Talden talden at gmail.com
Tue May 6 12:32:53 BST 2008


>  | This patch provides the plumbing for finding and reading per-user file
>  | properties. This feature is a building block for EOL support. However,
>  | it has been explicitly designed to be a generic capability and ought to
>  | be suitable for configuring other interesting things like custom diff
>  | and merge algorithms.
>  |
>  | Properties are defined in the BAZAAR_HOME/.bzrproperties file using an
>  | ini file syntax where the section headings are patterns and the section
>  | contents are the properties. Patterns use the same syntax as that used
>  | by .bzrignore files.
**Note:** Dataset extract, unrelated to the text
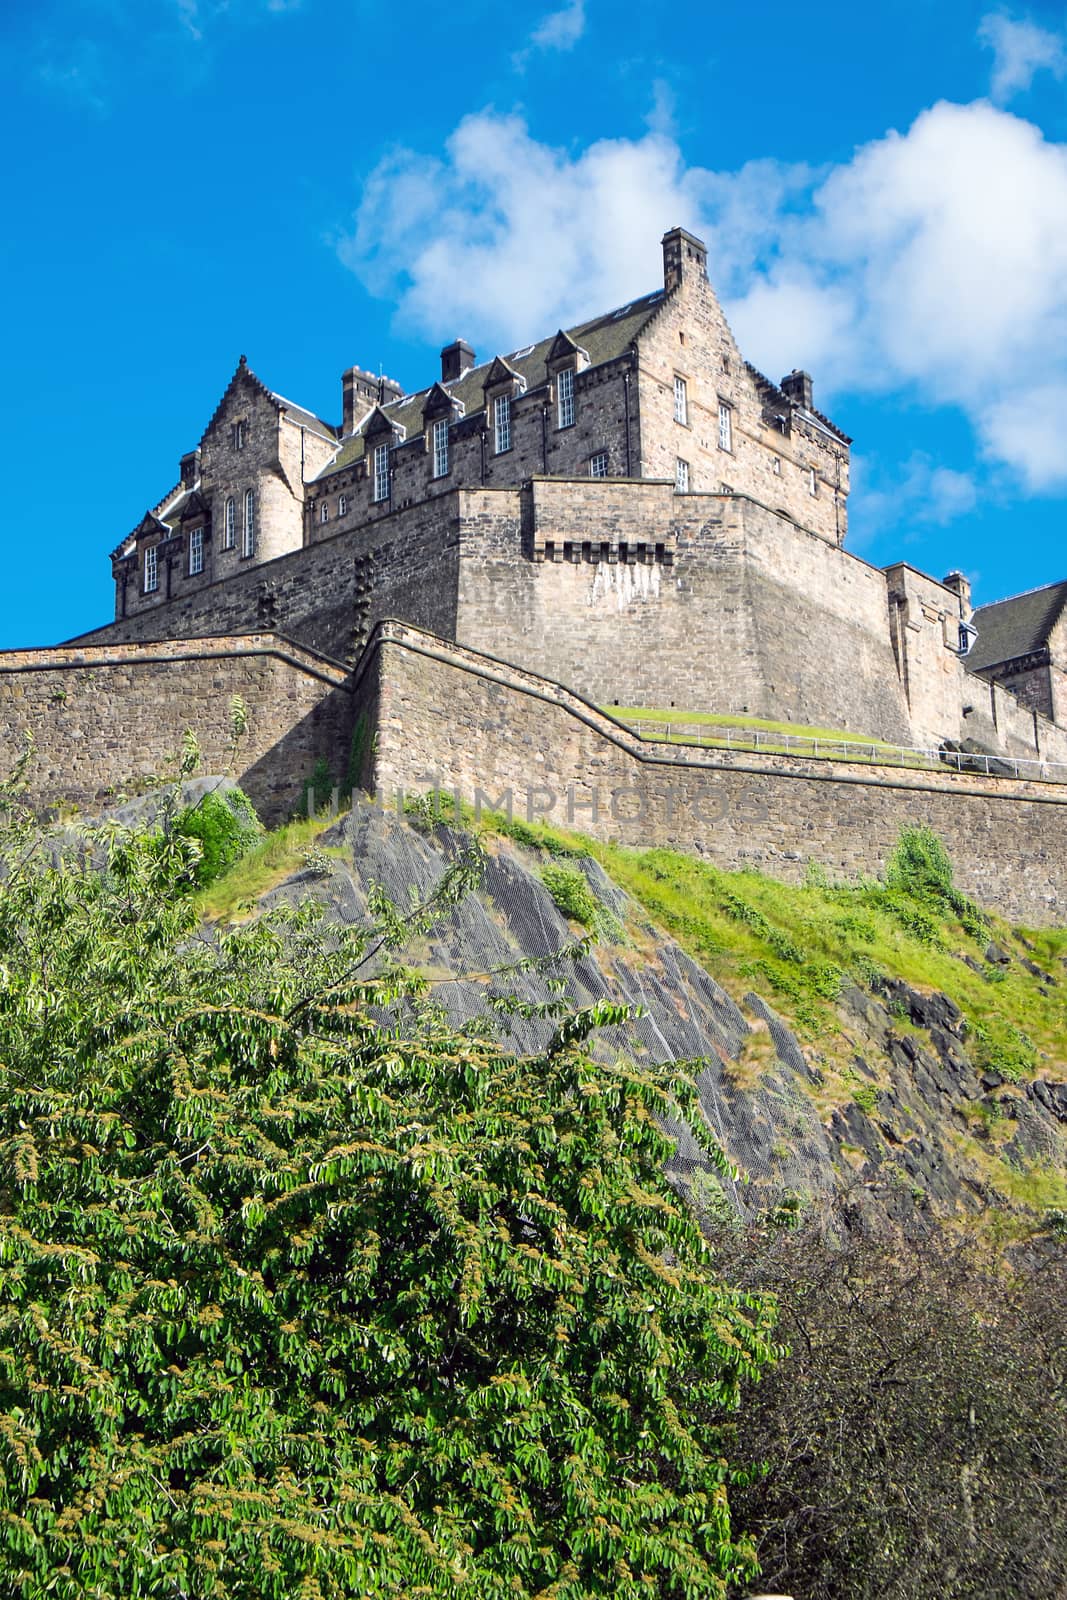 The impressing Edinburgh castle up on the hill

Here is an example:
>  |
>  |   [*.py]
>  |   eol = exact
>  |
>  |   [*.pdf]
>  |   text = False
>  |
>  | Note that patterns are explicitly ordered - the first one matching wins.
>  | This implies that more explicit patterns should be placed at the top of
>  | the file and more general patterns towards the end.
>  |
>  | In the future, core features and plugins can assign meaning to various
>  | properties. Doing that is beyond the scope of this patch.
>  |
>  | A future enhancement may also support .bzrproperties files in places
>  | other than BAZAAR_HOME. If and when we decide to do that, I think that's
>  | a small change code wise (over and above this patch). For now, the
>  | consensus is that we should first gain experience with a simple
>  | implementation of file properties (e.g. the one proposed by this patch)
>  | before introducing the additional complexity implied by the various
>  | extended schemes.

>  How does this work on a repository basis? It is not a good idea to
>  expect every user to configure this correctly and some files with the
>  same pattern may have different line ending styles in different
>  repositories. Storing the line ending style in the branch itself would
>  be much better and more flexible. A property should be really tied to
>  the file and not stored somewhere else. Otherwise when the file moves or
>  the extension changes then the properties may also change.
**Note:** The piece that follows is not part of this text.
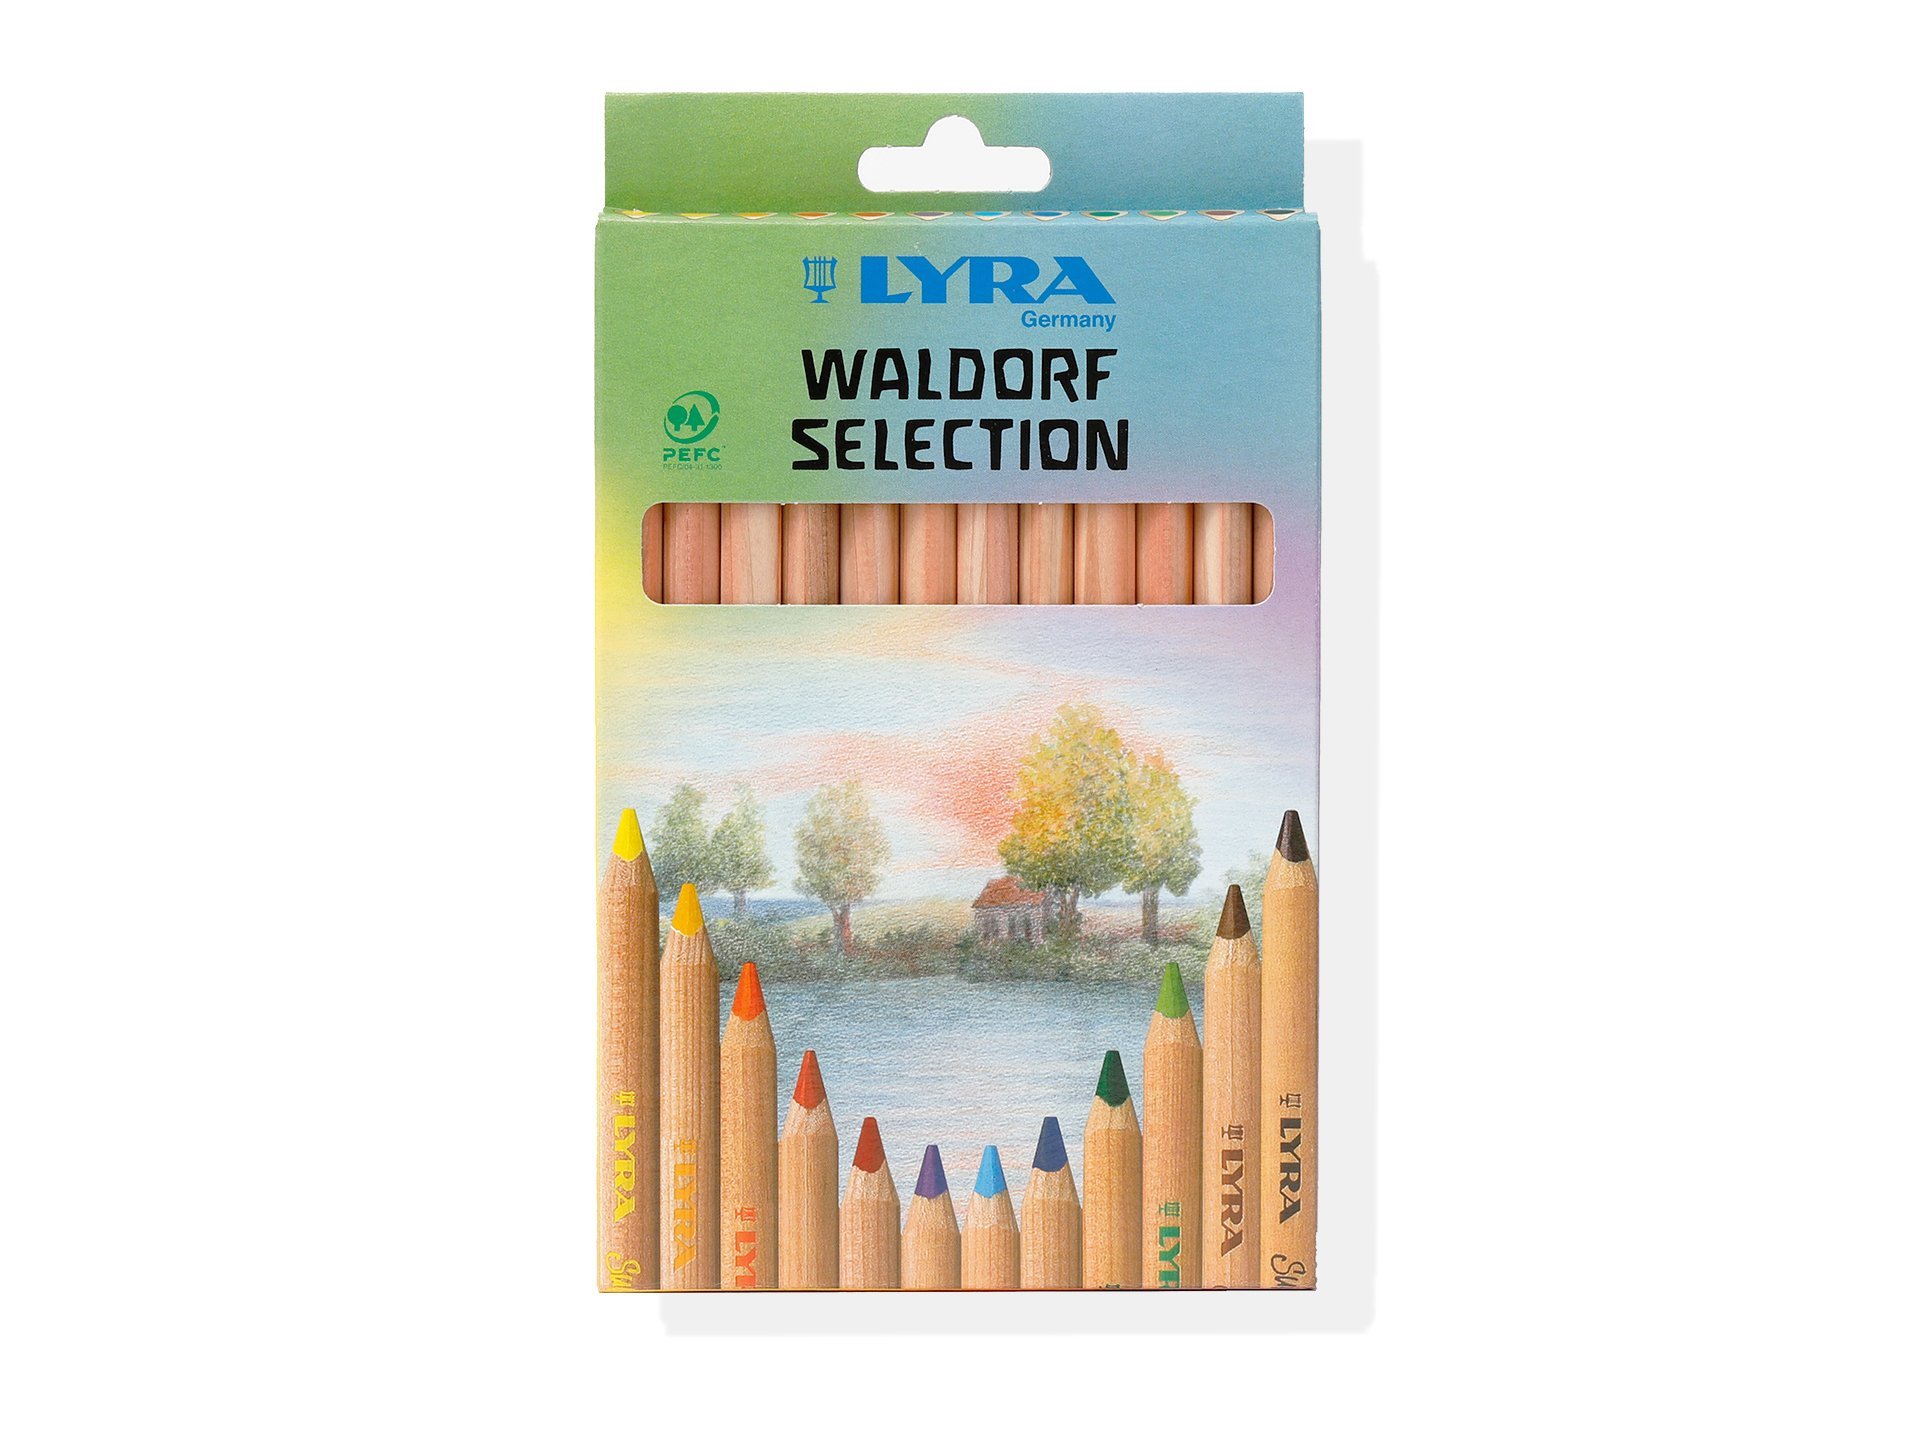 Lyra Súper Ferby Waldorf Selección 3711121 Lápices Colorear 12 surtidos colores naturales en Caja

I think this is a reasonable means of getting EOL transformation out
to users promptly.

I think the idea of using patterns is an excellent fit for dealing
with the number of different rules but as I've stated in an earlier
presentation of this same concept, Bazaar needs to track activities
such as moves and support exact matches as well as patterns to capture
when files move out of a pattern.

That is, if a file foo.txt was matched by *.txt and is moved to
foo.txt.bak then we might want bazaar to add a rule that matches that
file exact to ensure that the properties it had follow it.
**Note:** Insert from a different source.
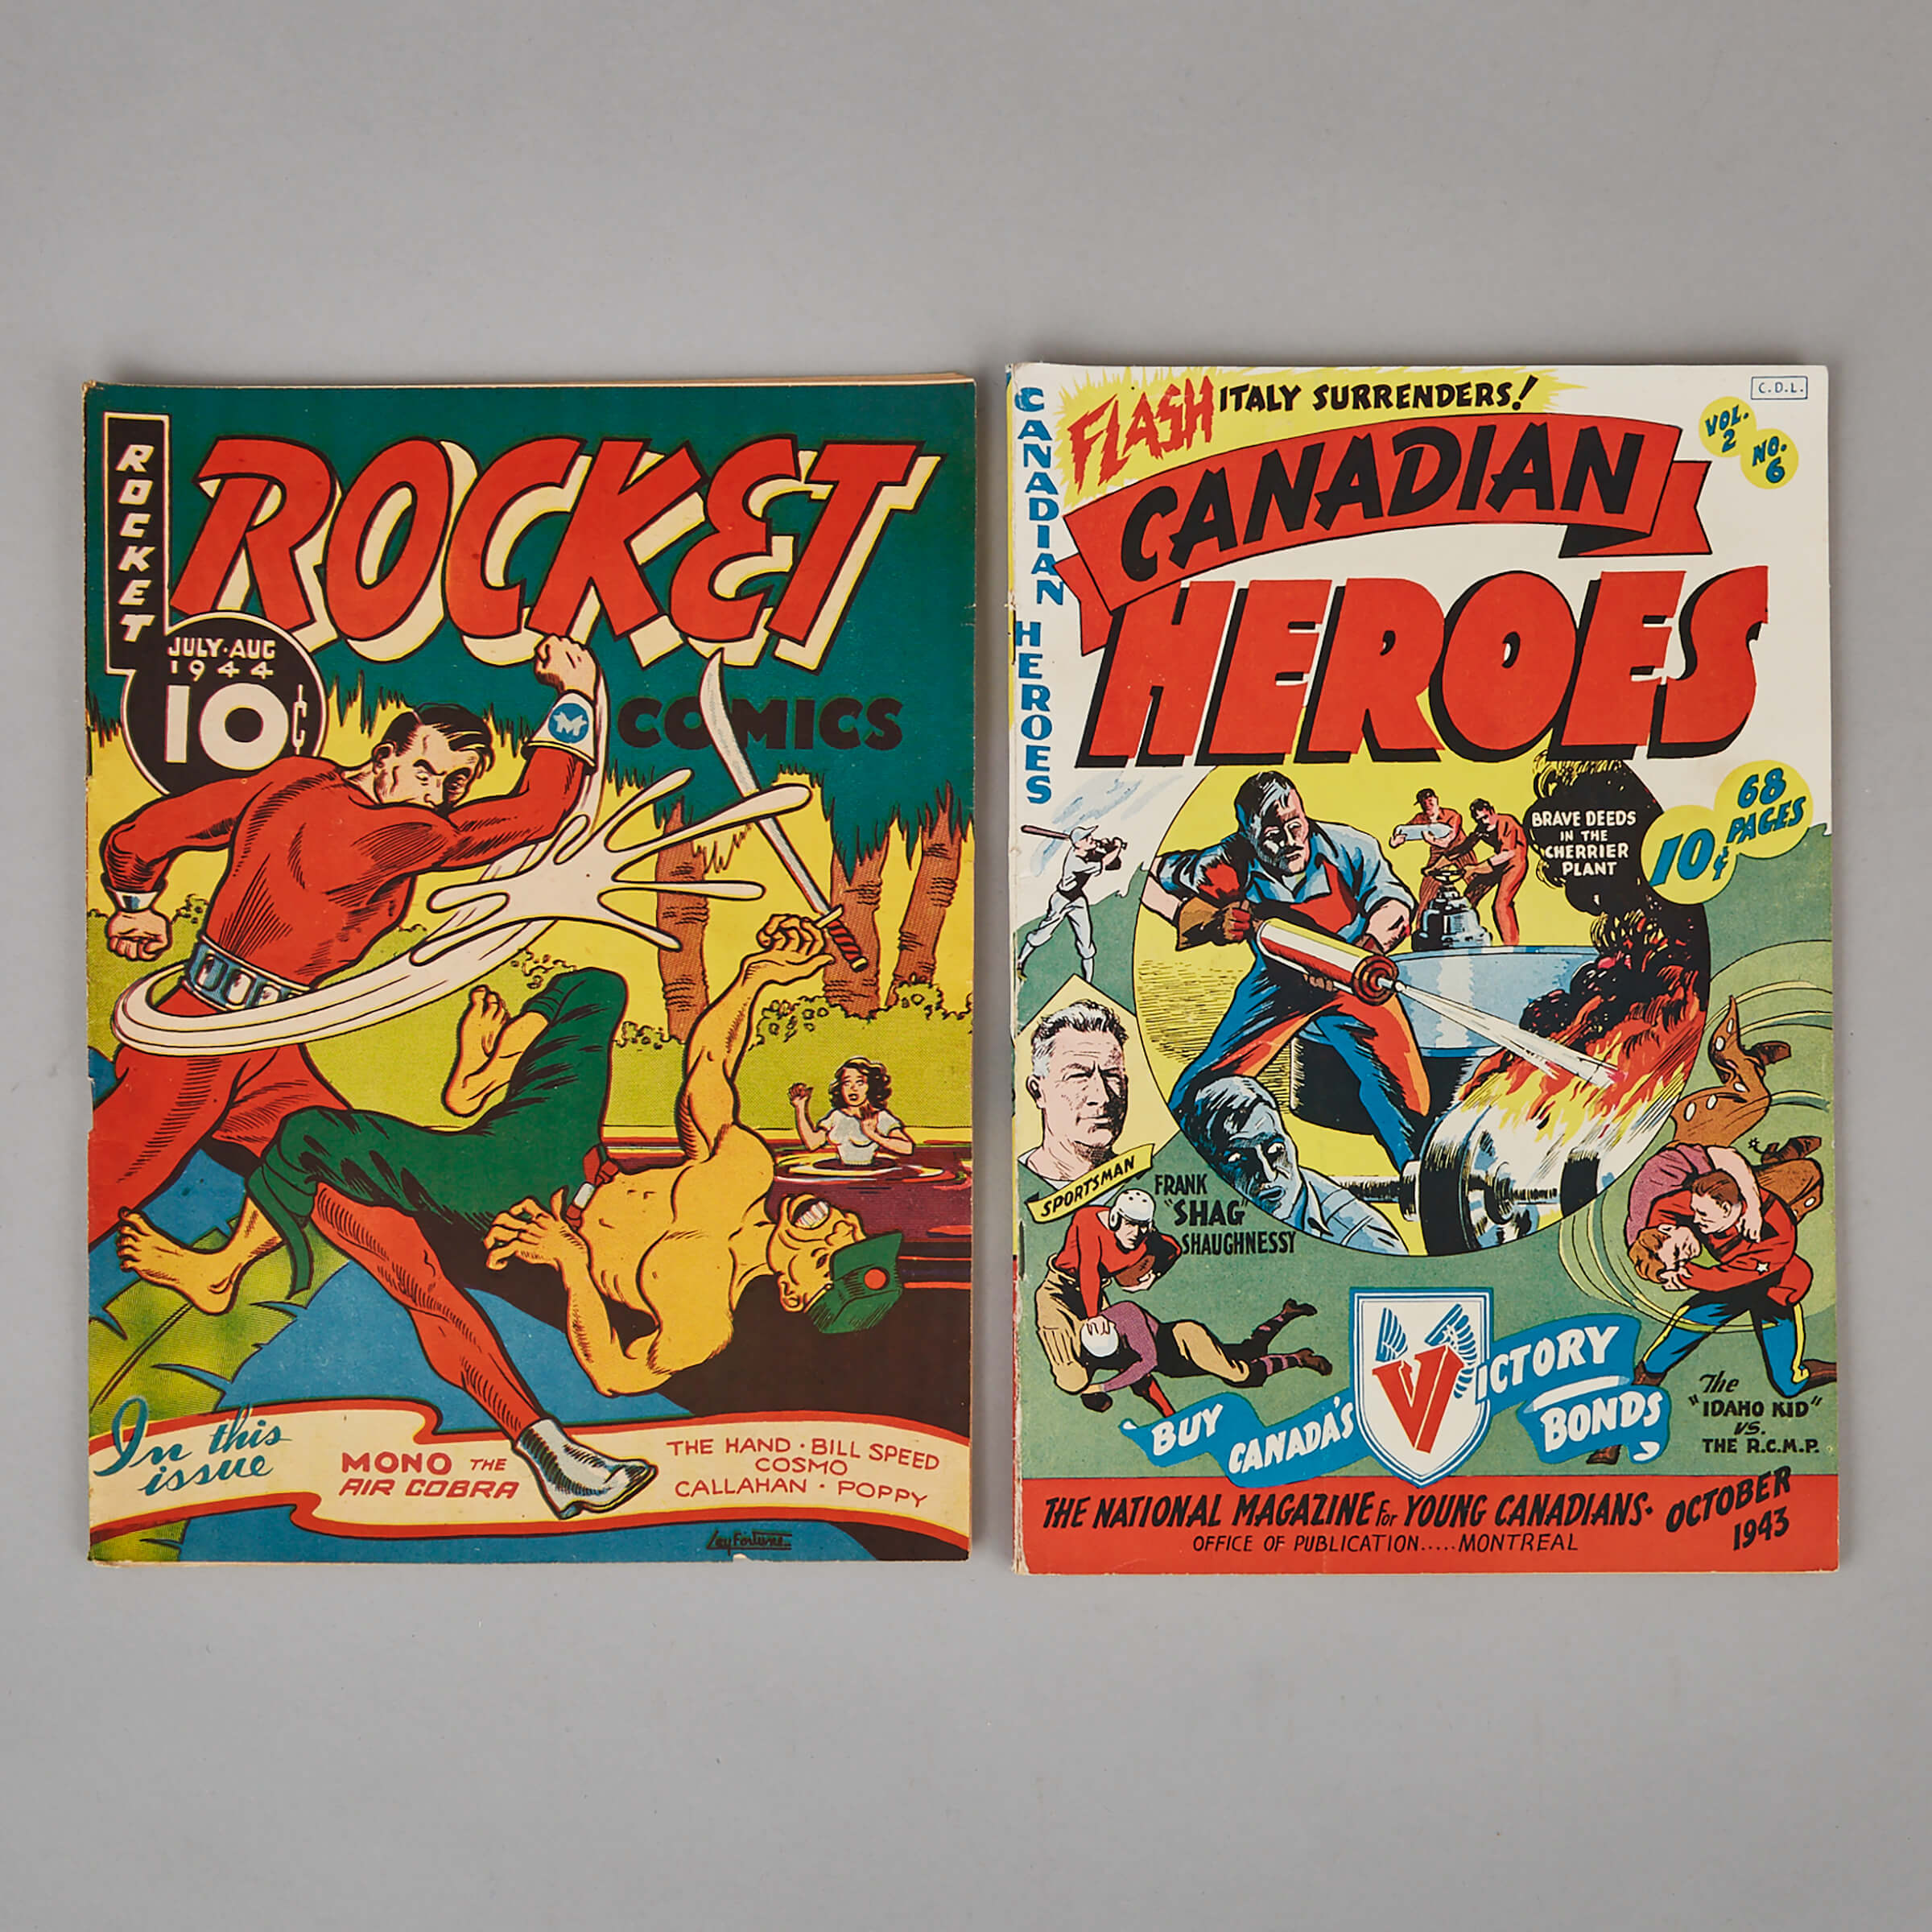 Two World War II Era Canadian Comic Books, 1943-1944

Removals can remove exact matches from the properties rules.

so the rule

[*.sh]
EOL=LF

that matched 'scripts/foo.sh' changes when we do a move to 'scripts/foo.sh.old'

[scripts/foo.sh.old]
EOL=LF

[*.sh]
EOL=LF

If we now move it to 'scripts/bar.sh.old' the rules change again
removing the old exact match and replacing it with the new one.

[scripts/bar.sh.old]
EOL=LF

[*.sh]
EOL=LF

The same application applies as suggested in the OP.  The first
pattern that matches wins, except that exact matches are always tested
first.

Naturally this splitting out of exact matches from patterns has it's own issues:

1. if you add or change properties in the *.sh pattern later those
won't flow to the renamed file.
2. If an exact match moves back into it's matching pattern it won't
rejoin the pattern (this could be done though by rejoining whenever it
matches a pattern and the properties are the same as the exact match.

This model may not work as well for general properties as it should
for EOL rules where files don't tend to change their EOL rule over
time and so these issues are less relevant.  The good thing is, when a
better EOL solution comes along it should easily be able to scrape
this properties definition for initial settings.